___ Entries provided

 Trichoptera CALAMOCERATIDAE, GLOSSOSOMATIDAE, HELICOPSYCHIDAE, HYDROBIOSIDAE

______
___ Entries provided

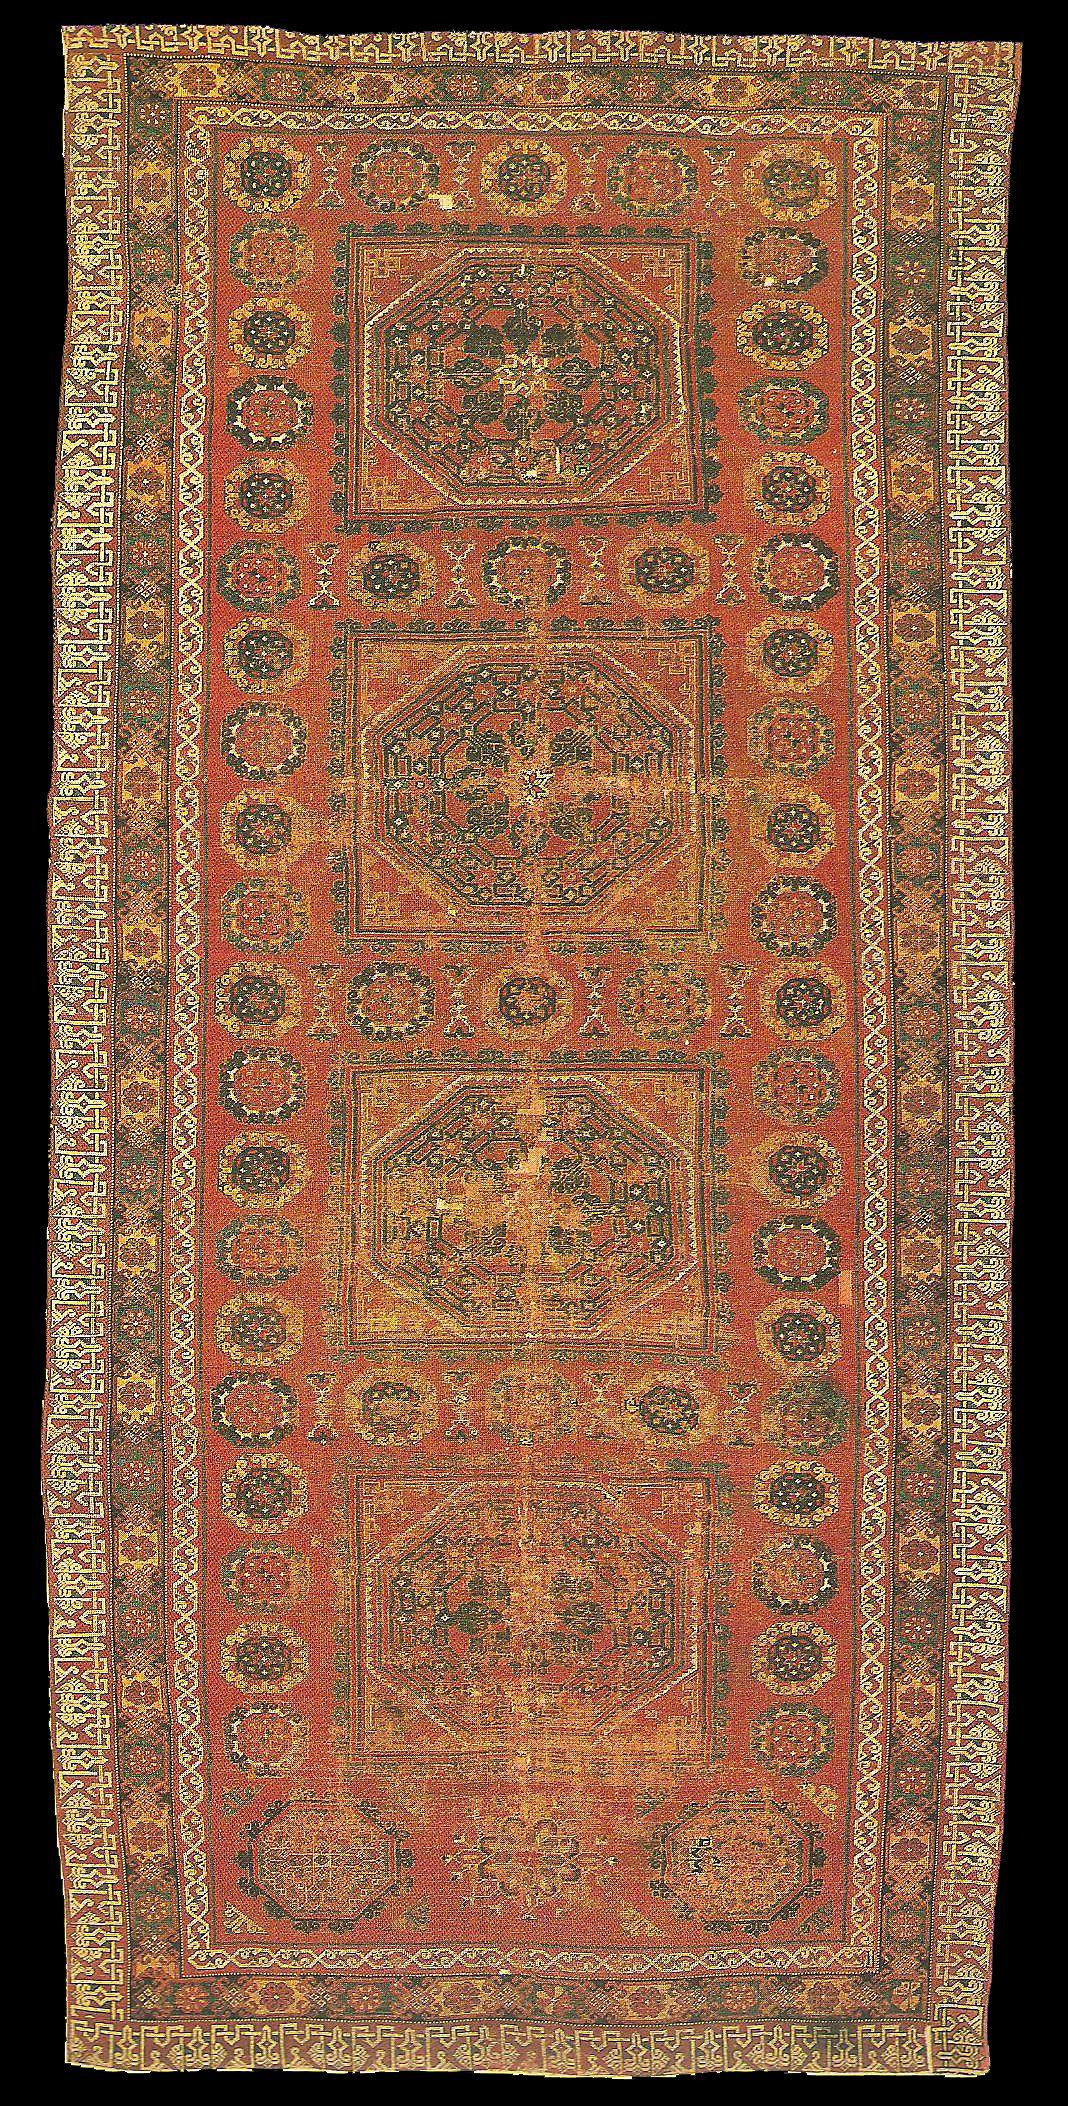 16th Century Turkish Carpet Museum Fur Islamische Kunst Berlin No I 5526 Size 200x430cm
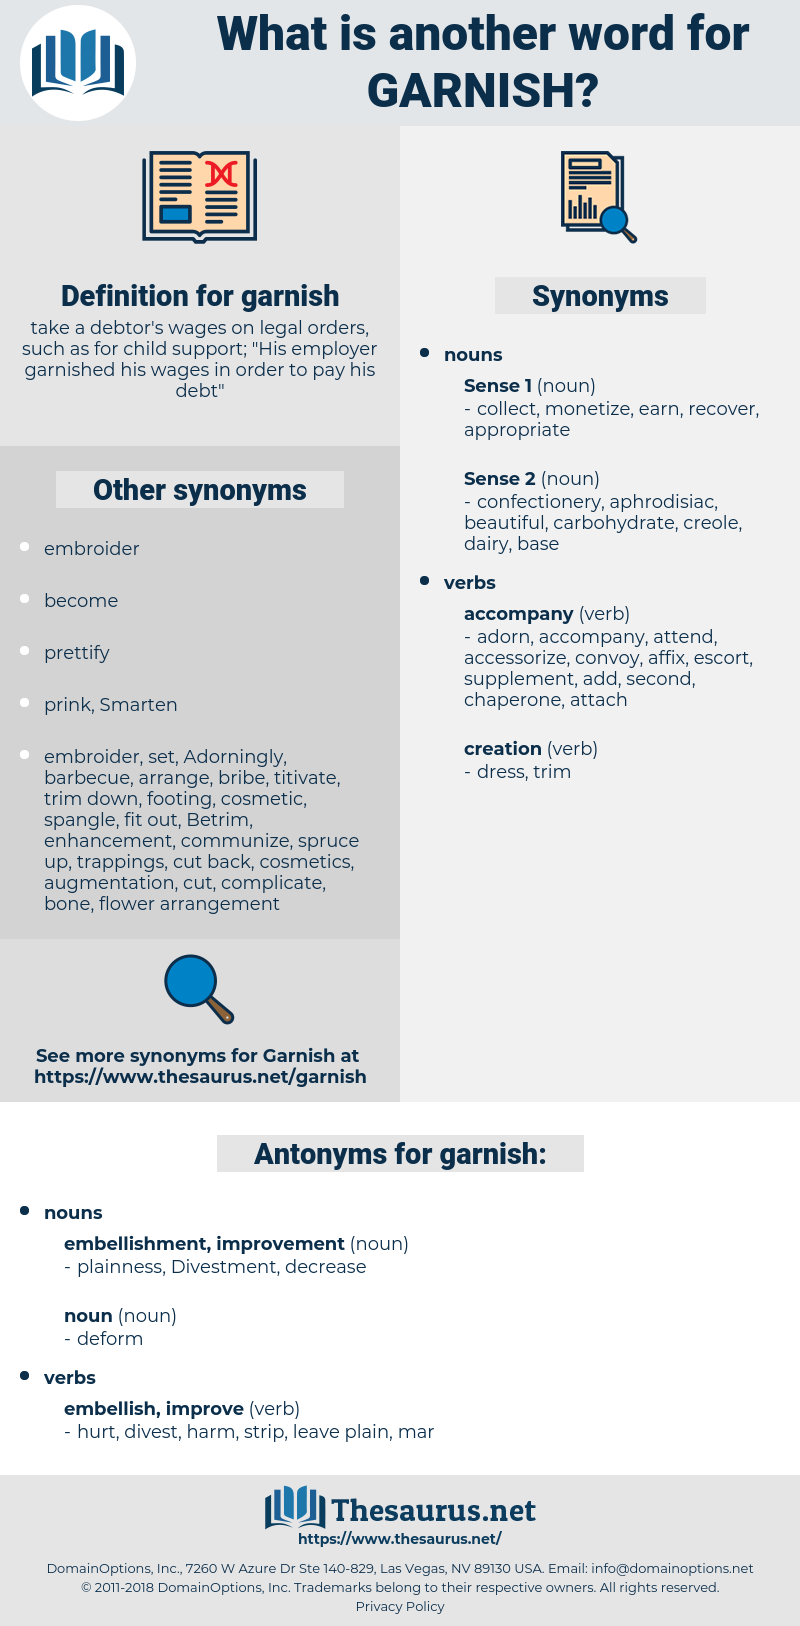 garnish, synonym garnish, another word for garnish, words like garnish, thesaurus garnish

______

Task prompt — Return exactly the lines of the material above, starting at the line containing "16th Century Turkish" and finishing at the line containing "garnish, synonym garnish, another", without any pictures.

Answer area —
 16th Century Turkish Carpet Museum Fur Islamische Kunst Berlin No I 5526 Size 200x430cm
 garnish, synonym garnish, another word for garnish, words like garnish, thesaurus garnish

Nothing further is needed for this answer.